И, повернувшись к пчелиной занавеске, Иосиф протянул к ней руку, он как бы спрашивал, можно ли ему выйти. Что на него пристально глядели глаза богини-матери и что борозды, которые житейский опыт провел около ее губ, углубились в насмешливой улыбке, этого он нарочно не замечал.

«Не верю!»

– Останься, – сказал Аменхотеп. – Побудь еще немного, мой друг! Ты довольно мило играл на своем изобретении, на открытии, что можно говорить, не говоря, или не говорить и все-таки говорить, заставляя других подслушивать свои мысли, и очень порадовал меня этим новшеством, мало того что ты навел мое величество на истолкование державных снов. Фараон не может отпустить тебя без награды, ты сам понимаешь. Спрашивается только, чем ему тебя наградить – это моему величеству еще неясно; подари я тебе, например, эту черепаховую лиру, изобретение Владыки проделок, награда была бы, по-моему, да и по-твоему, конечно, слишком мала. Все же, пока суд да дело, возьми ее, друг мой, возьми ее под мышку, она тебе к лицу. Маленький ловкач отдал ее брату-прорицателю, а ты тоже прорицатель, правда, и ловкач тоже. Но кроме того, мне очень хотелось бы оставить тебя при своем дворе, если ты пожелаешь, и присвоить тебе какое-нибудь прекрасное звание, скажем: «Первый Толкователь Сновидений Царя» или другое, такое же пышное, чтобы скрыть и предать забвению твое настоящее имя. Как, кстати сказать, тебя зовут! Бен-эзне, наверно, или Некатиджа, вероятно?

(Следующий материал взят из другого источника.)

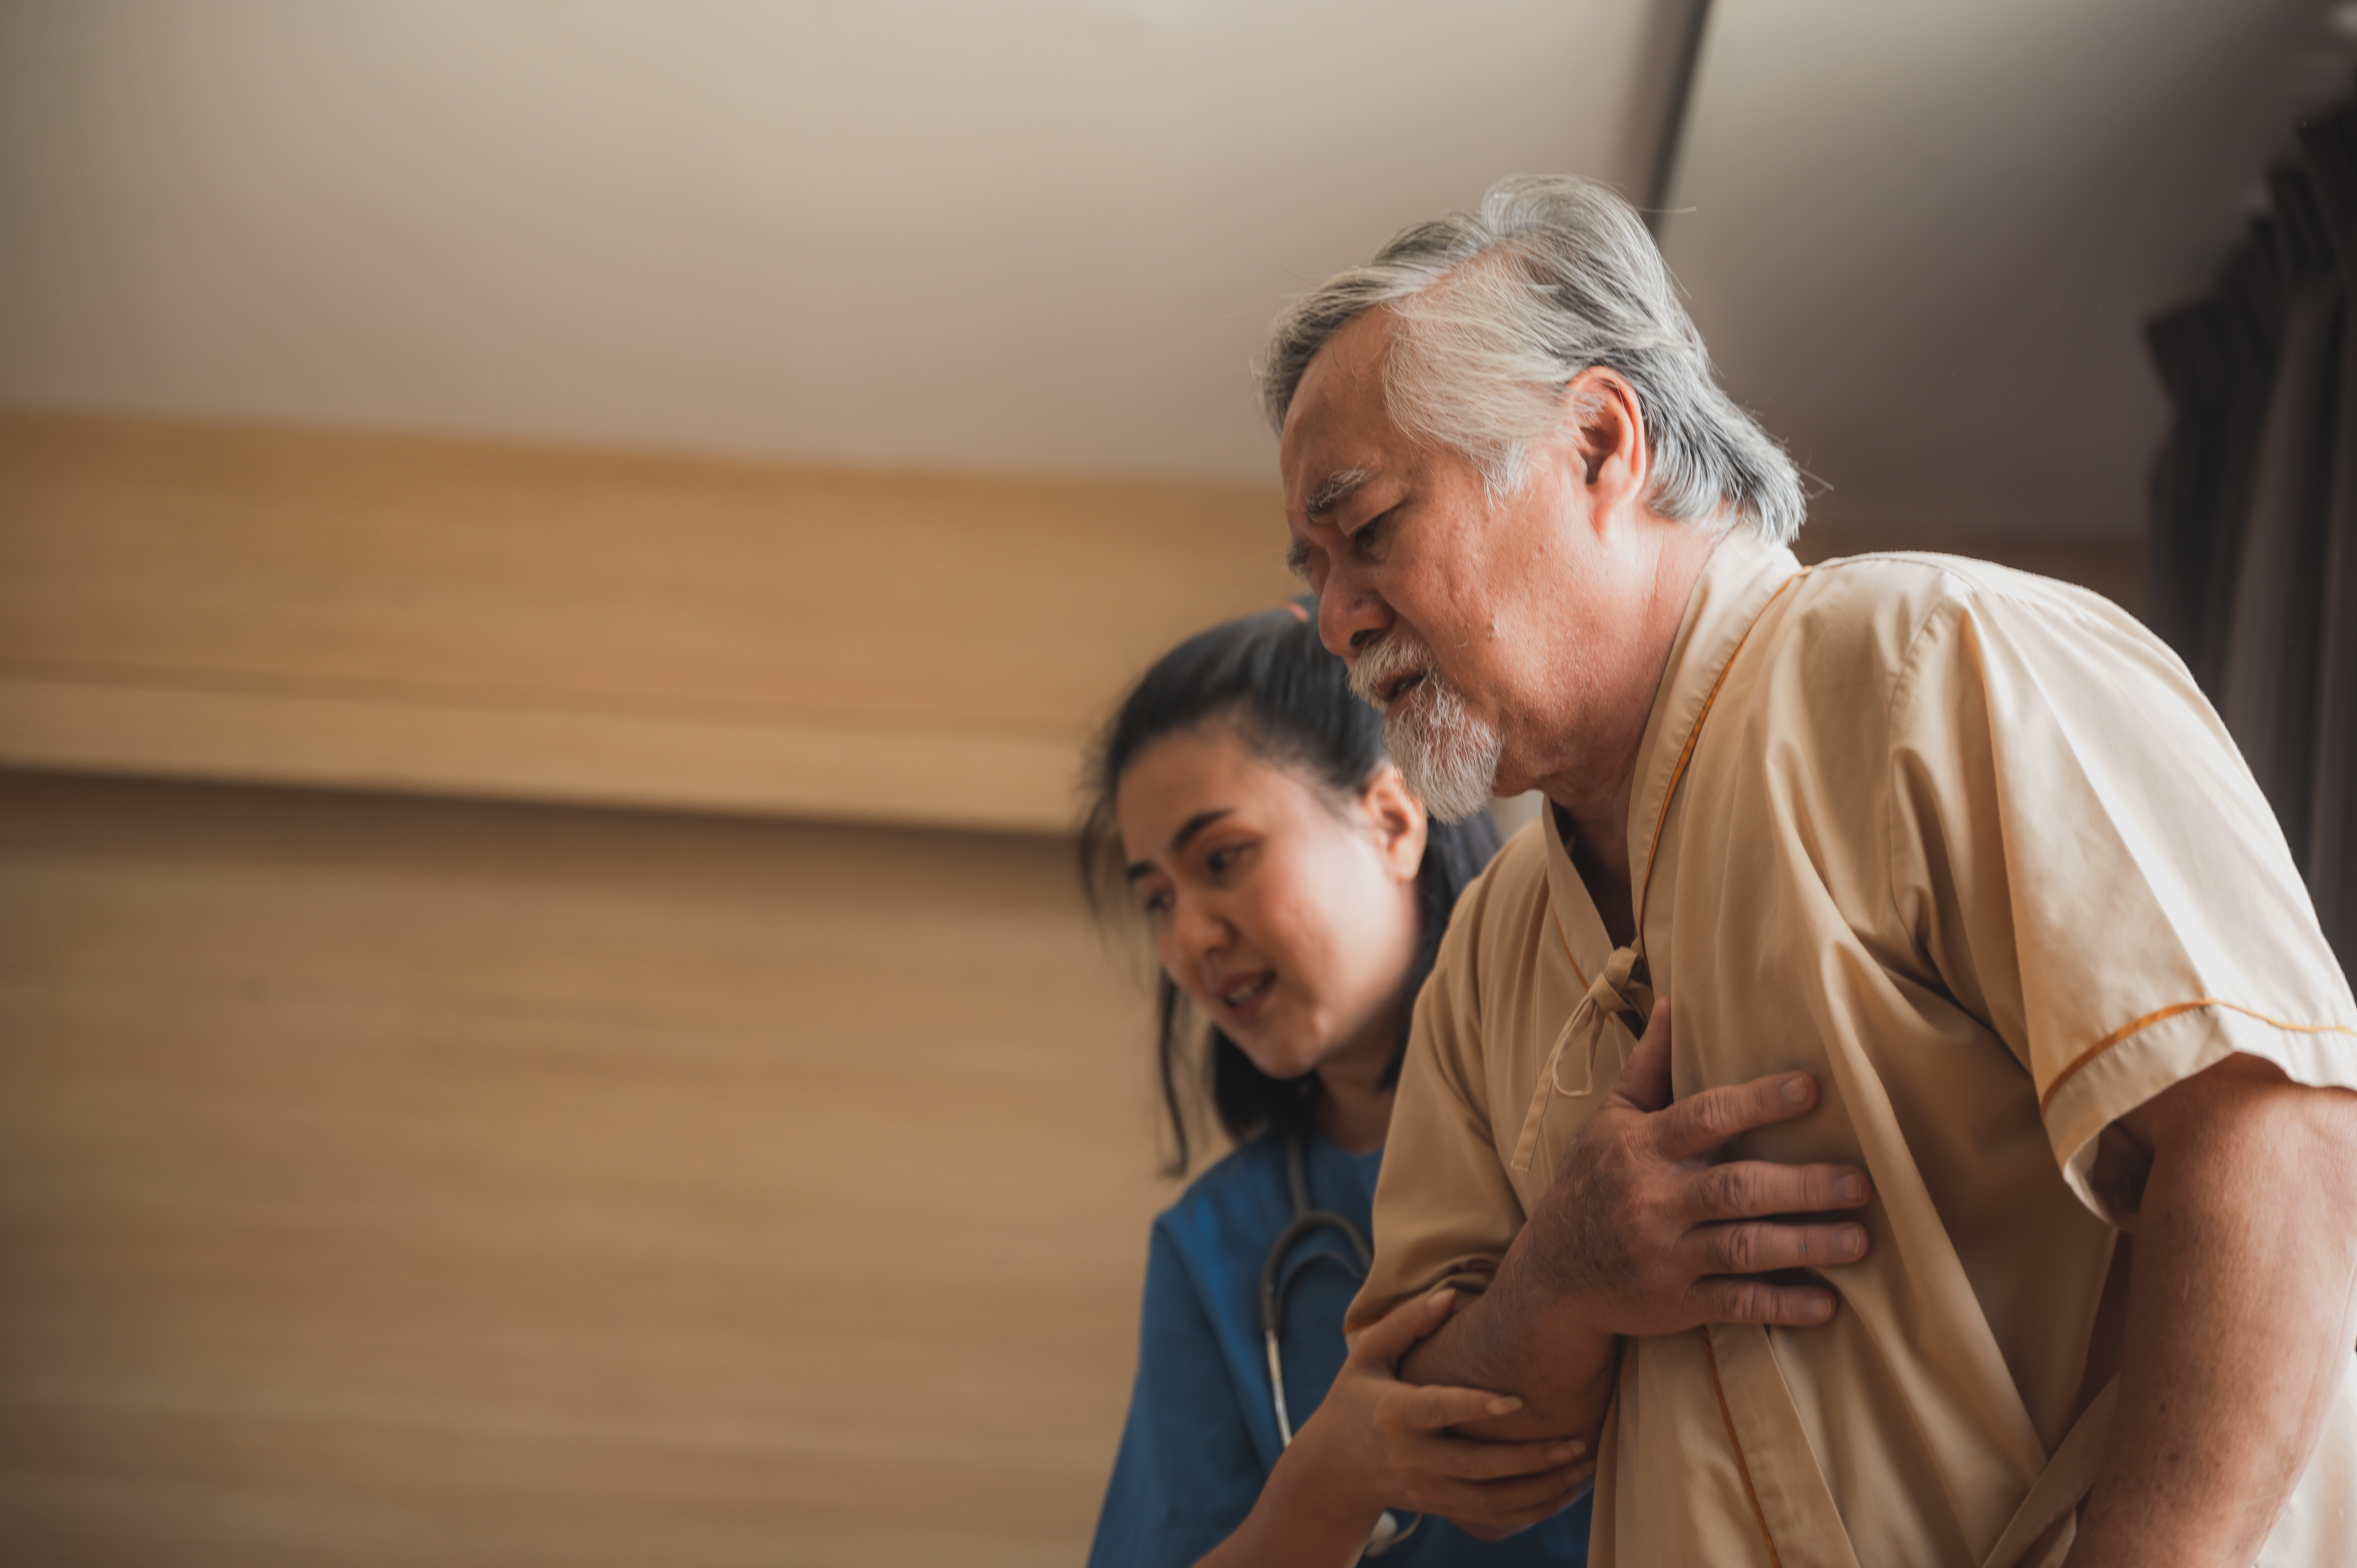 nurse-helping-older-man-walk-in-nursing-home

– Как меня зовут, – отвечал Иосиф, – так меня не звали, и ни моя мать, звездная дева, ни мой отец, друг бога, не называли меня так. Но когда враги мои братья бросили меня в яму и я умер для отца, ибо меня похитили в эту страну, тогда то, что из меня стало, приняло другое имя и называется Озарсиф.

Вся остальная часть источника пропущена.